I'd keep it. You'll also lose the failsafe by removing the Aquamist kit won't you? I like to actually know my kit is working, along with the low level lights and failsafes and stuff. Just my opinion.
Thanks for looking out Nick. I wrestled with this decision for a while, but after having electrical issues for the past few years (randomly blown multiple 3 bar and 2.5bar MAP sensors, one N75, one bank 1 02 sensor) I’m left with the Aquamist connections to the ECU wiring harness and/or the second, newer ECU only flashed with an APR K04 file and more recently the Eurodyne BT file. There’s nothing else I can think of that could fry MAP sensors other than the wiring job we did years ago to install Aquamist.

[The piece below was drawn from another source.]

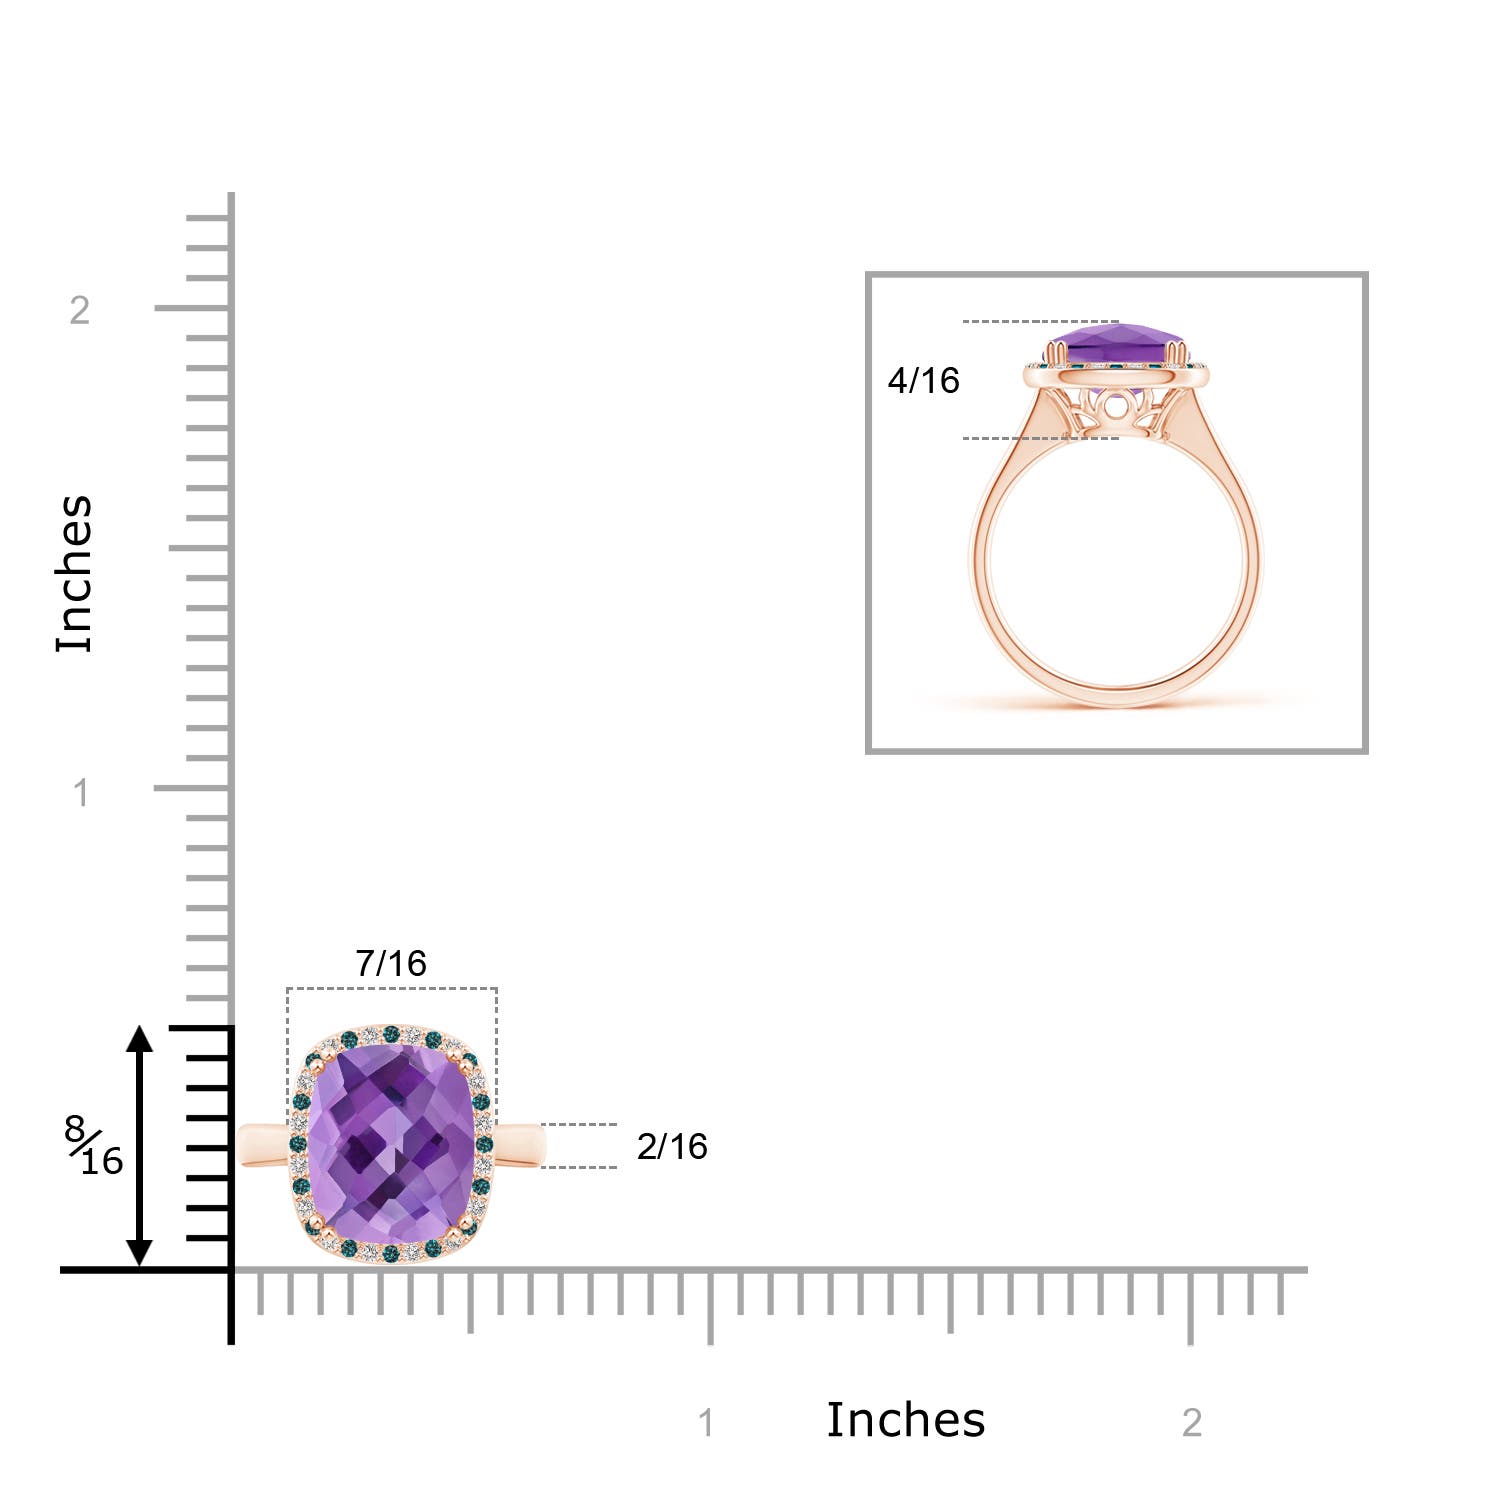 AA - Amethyst / 3.14 CT / 14 KT Rose Gold

Last night I disconnected the Aquamist wiring harness connections and power and I’ll install a new MAP sensor since the only code remaining before starting the engine is a boost sensor signal too low code. I think this means that it’s bad but we had a MAP sensor go bad when it was in the shop before I picked it up. I have a feeling it has to do with the Aquamist wiring or ECU as they did take the ECU out which could have shifted some wires around or shorted something if the Aquamist connections were not secure. With this troubleshooting, I’ll be removing the dash and glove box to remove the remaining Aquamist wiring and gauge which will then allow me access to the passenger side firewall to feed the Torqbyte wiring through easier.
In terms of water meth, I decided to try simplifying the fuel control and have the two Bosch twin spray port injectors and Aquamist water meth pump controlled by my Torqbyte CM5-LT unit (up to 4 PWM outputs). I’ll be re-using the Aquamist FAV to maintain a constant pump pressure but will lose the Aquamist flow sensor and level sensor in the gauge. I never let me meth tank run low as I have the Aquamist 5qt twin tank in the trunk so the level light on the Aquamist gauge is not a major loss. As for the failsaife, the Aquamist system was tied into the N75 but would not do anything since I’m using the Greddy Profec boost controller. The flow sensor or visual flow gauge is a loss but I’ve been looking at the AEM H20 flow gauge (shows up to 1,000cc/min) or the AEM failsafe H20 flow gauge thanks to Eric. If I go with the failsafe version I’ll figure out how to tie it into the Greddy wiring to dump boost but to be honest, with the two Bosch twin spray port injectors I should have more than enough fuel volume needed for the EFR 7163 turbo. At that point methanol would strictly be a conditioning agent for octane and cooling and the failsafe would be irrelevant.